DATA BELOW:
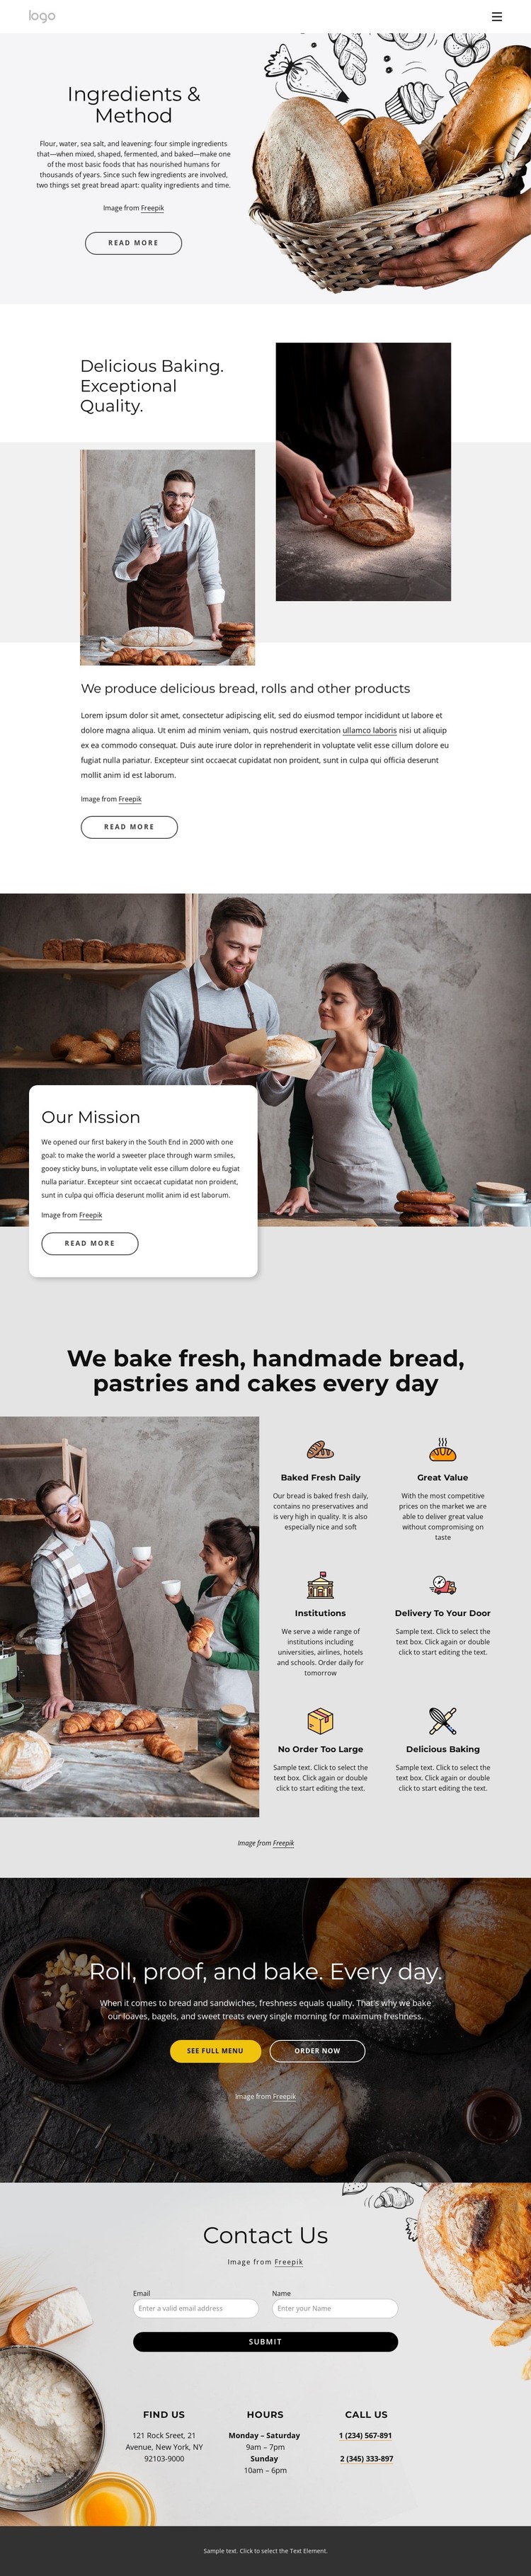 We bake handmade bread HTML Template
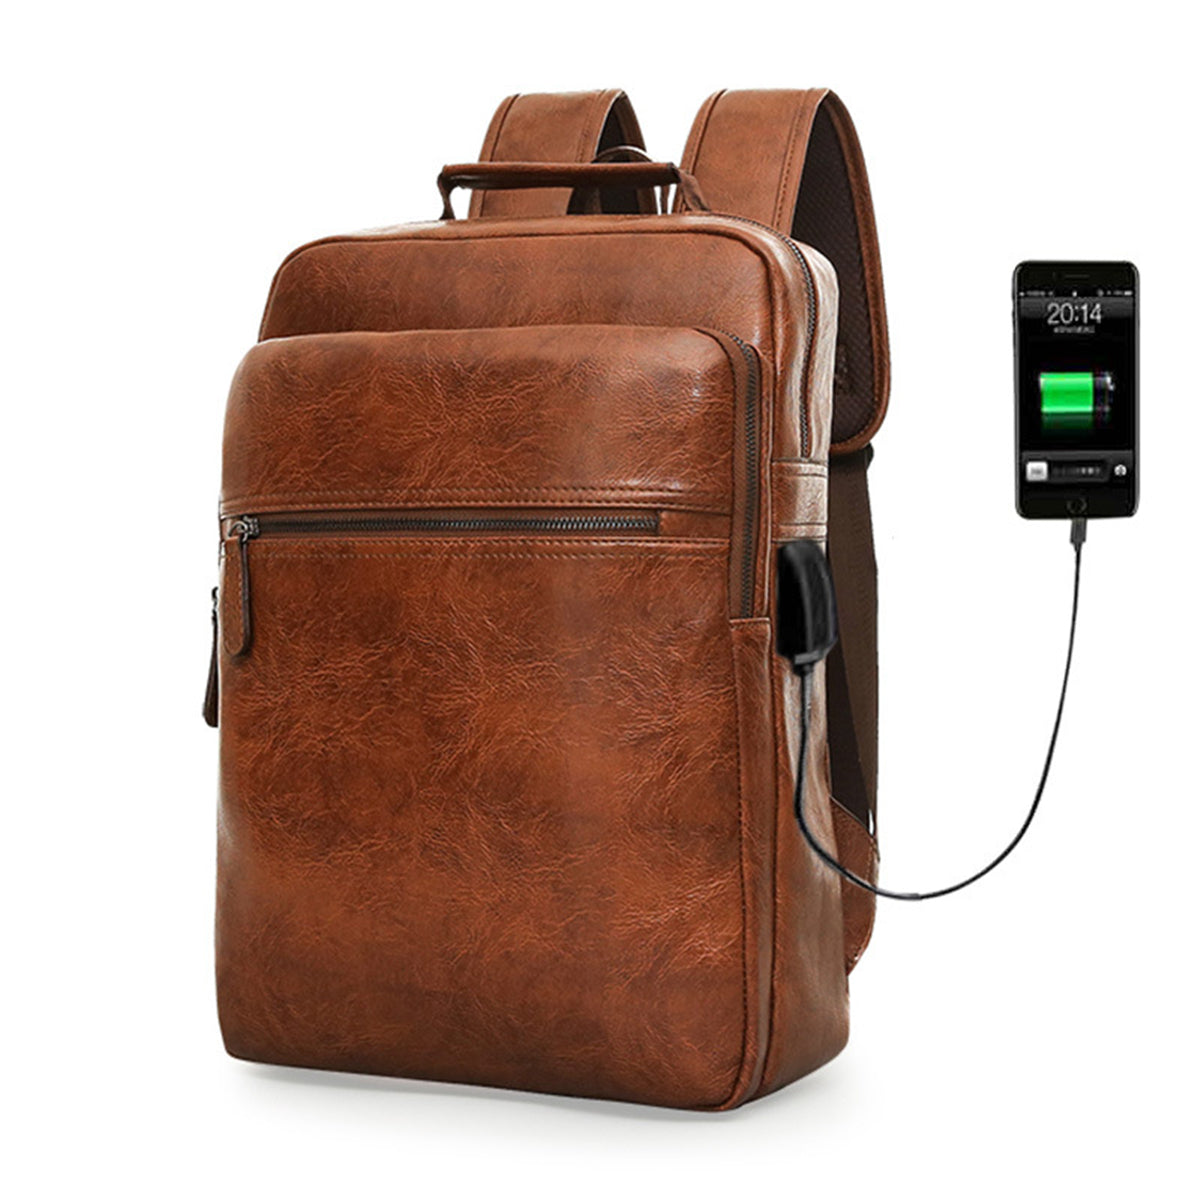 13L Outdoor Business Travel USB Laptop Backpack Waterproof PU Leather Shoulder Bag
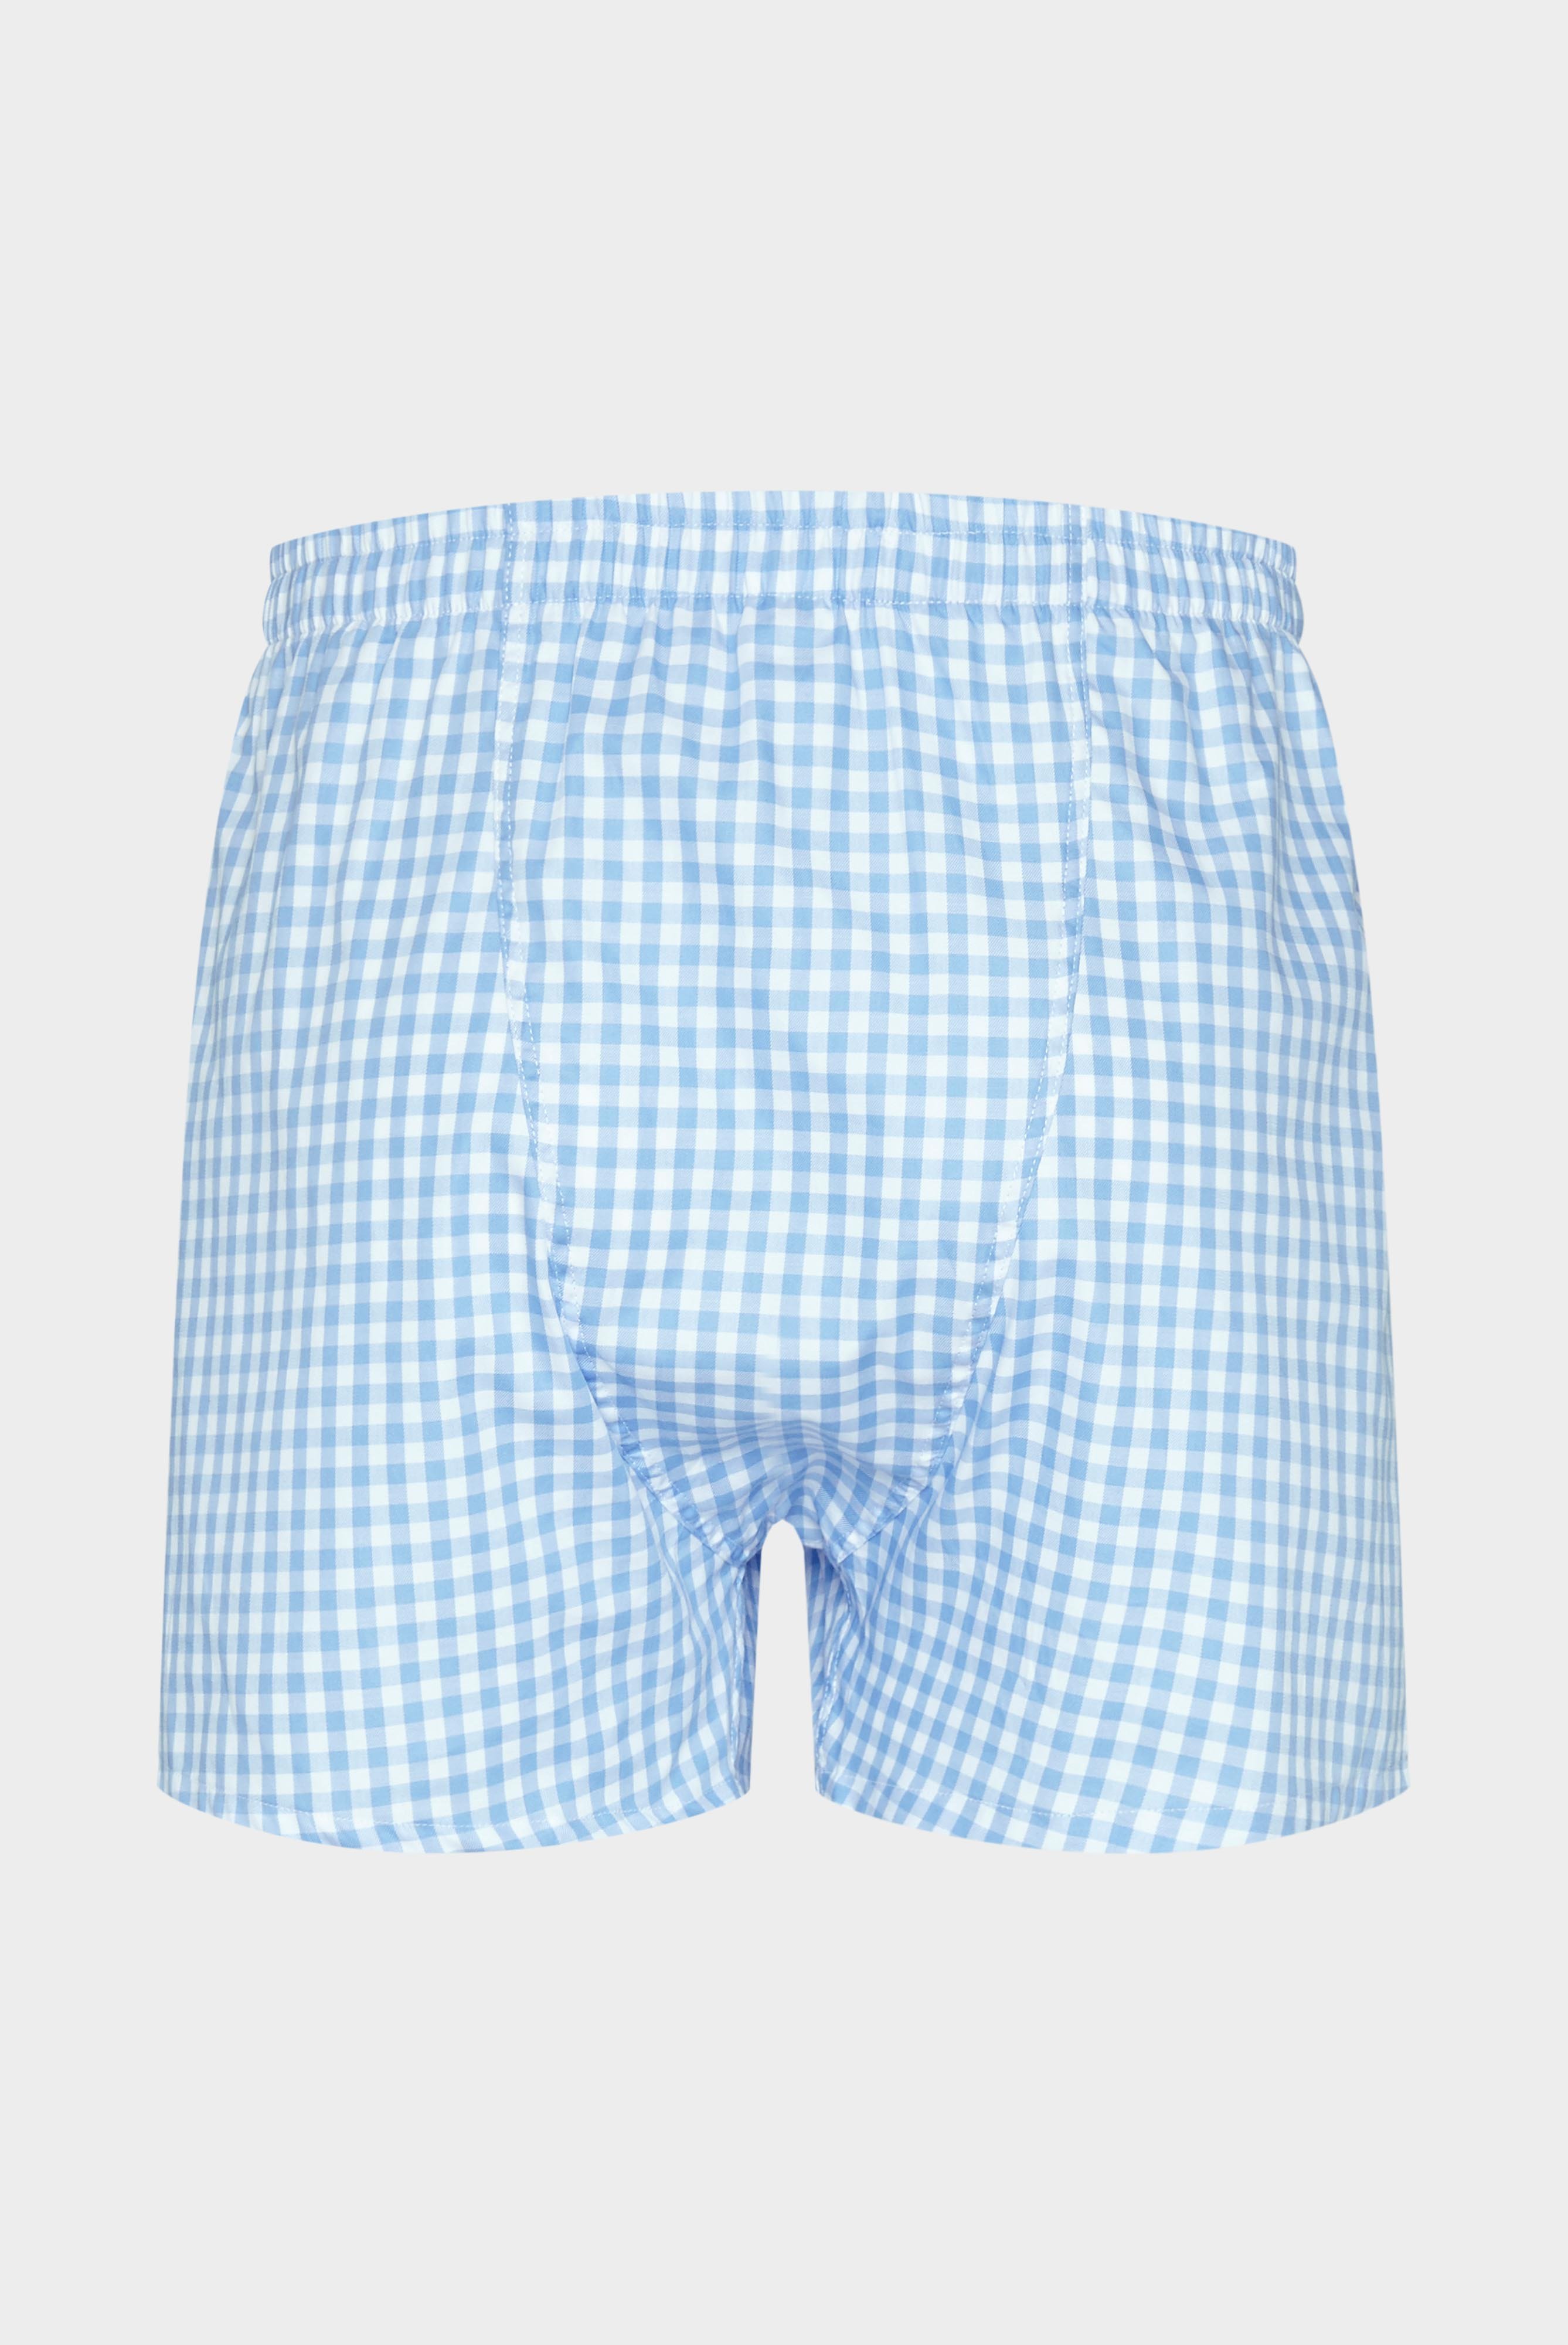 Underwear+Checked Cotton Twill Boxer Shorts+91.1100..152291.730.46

TO DO:
Pictures must be left out. Return verbatim only the lines from the line with "13L Outdoor Business" through the final line of the material above, including both ends.

OUTPUT OF THE TASK:
 13L Outdoor Business Travel USB Laptop Backpack Waterproof PU Leather Shoulder Bag
 Underwear+Checked Cotton Twill Boxer Shorts+91.1100..152291.730.46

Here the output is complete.